Cette petite scène se passait dans une maison de campagne assez rapprochée de Paris. A raison de cette proximité et dans la belle saison, M. Darmençay, que d’importantes fonctions retenaient à la ville, pouvait chaque jour, après avoir pris le repas du matin avec sa famille, se rendre à ses occupations et l’heure du dîner le ramenait auprès d’elle.
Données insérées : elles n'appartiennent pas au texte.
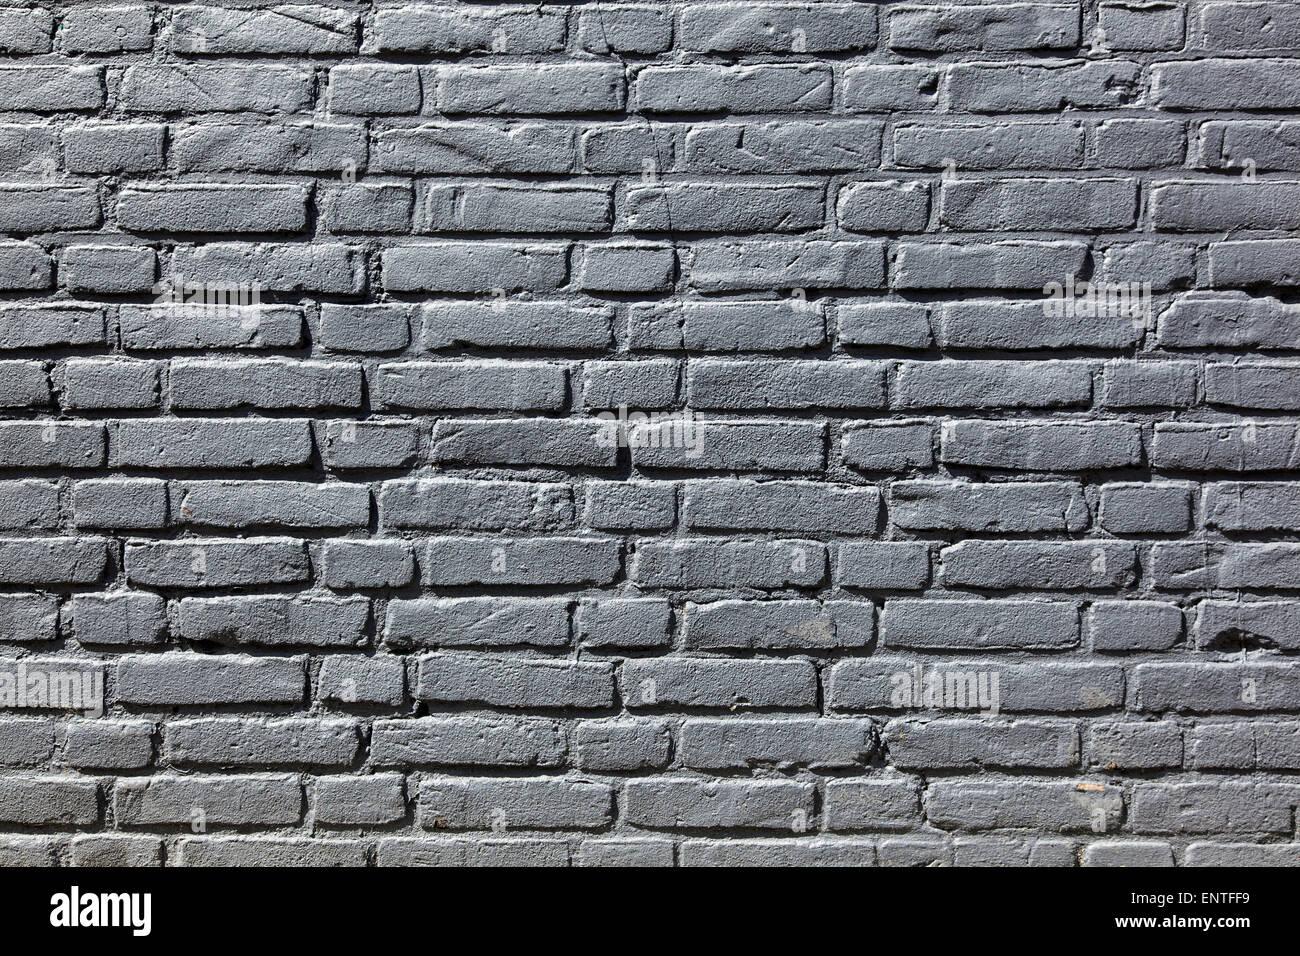 horozontal part of gray painted brick wall - Stock Image
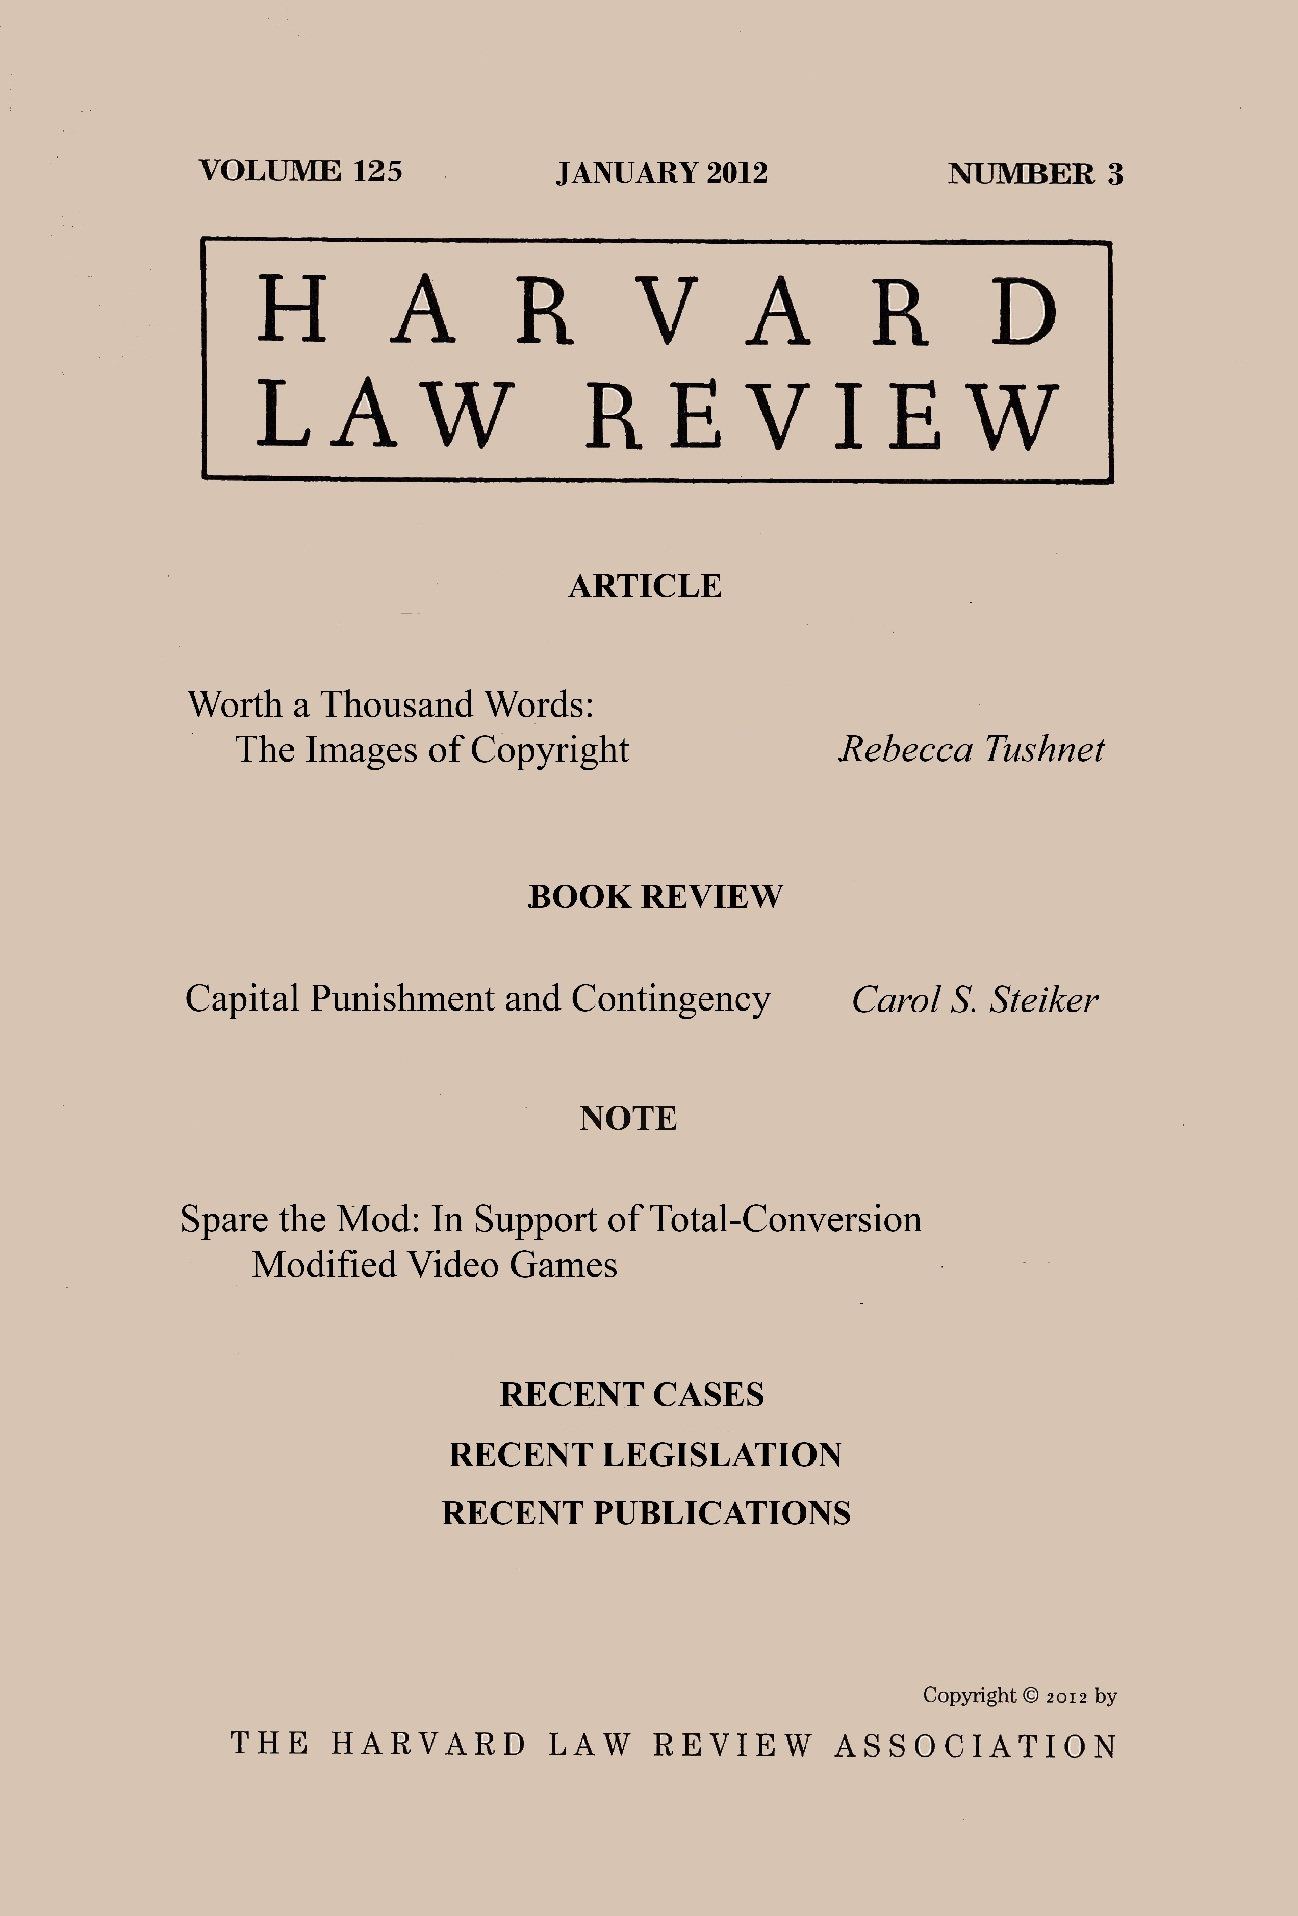 dissertation copyright law Phd proposal guidelines copyright law and the doctoral dissertation dna extraction how to write experiment report amorce de dissertation de philosophie.

Au moment dont nous parlons, il était attendu avec impatience par sa femme, sa fille et le jeune homme dont il a été question plus haut, Auguste d’Egreville, c’était son nom, avait inspiré aux parens d’Emma assez d’estime et leur avait fait concevoir d’assez hautes espérances pour les déterminer à lui accorder la main d’une fille unique et tendrement chérie dont l’éducation, extrêmement soignée, avait toujours été la plus douce comme la plus continuelle de leurs occupations. La jeune personne avait sans doute apporté en naissant quelques dispositions heureuses, mais les soins de ses parens, leur goût éclairé, la délicatesse de leur tact, avaient plus que doublé l’effet des leçons qu’elle recevait des meilleurs maîtres.

Comment ce lien s’était-il formé, le voici. Auguste avait vu le jour dans une des provinces les plus éloignées de la capitale.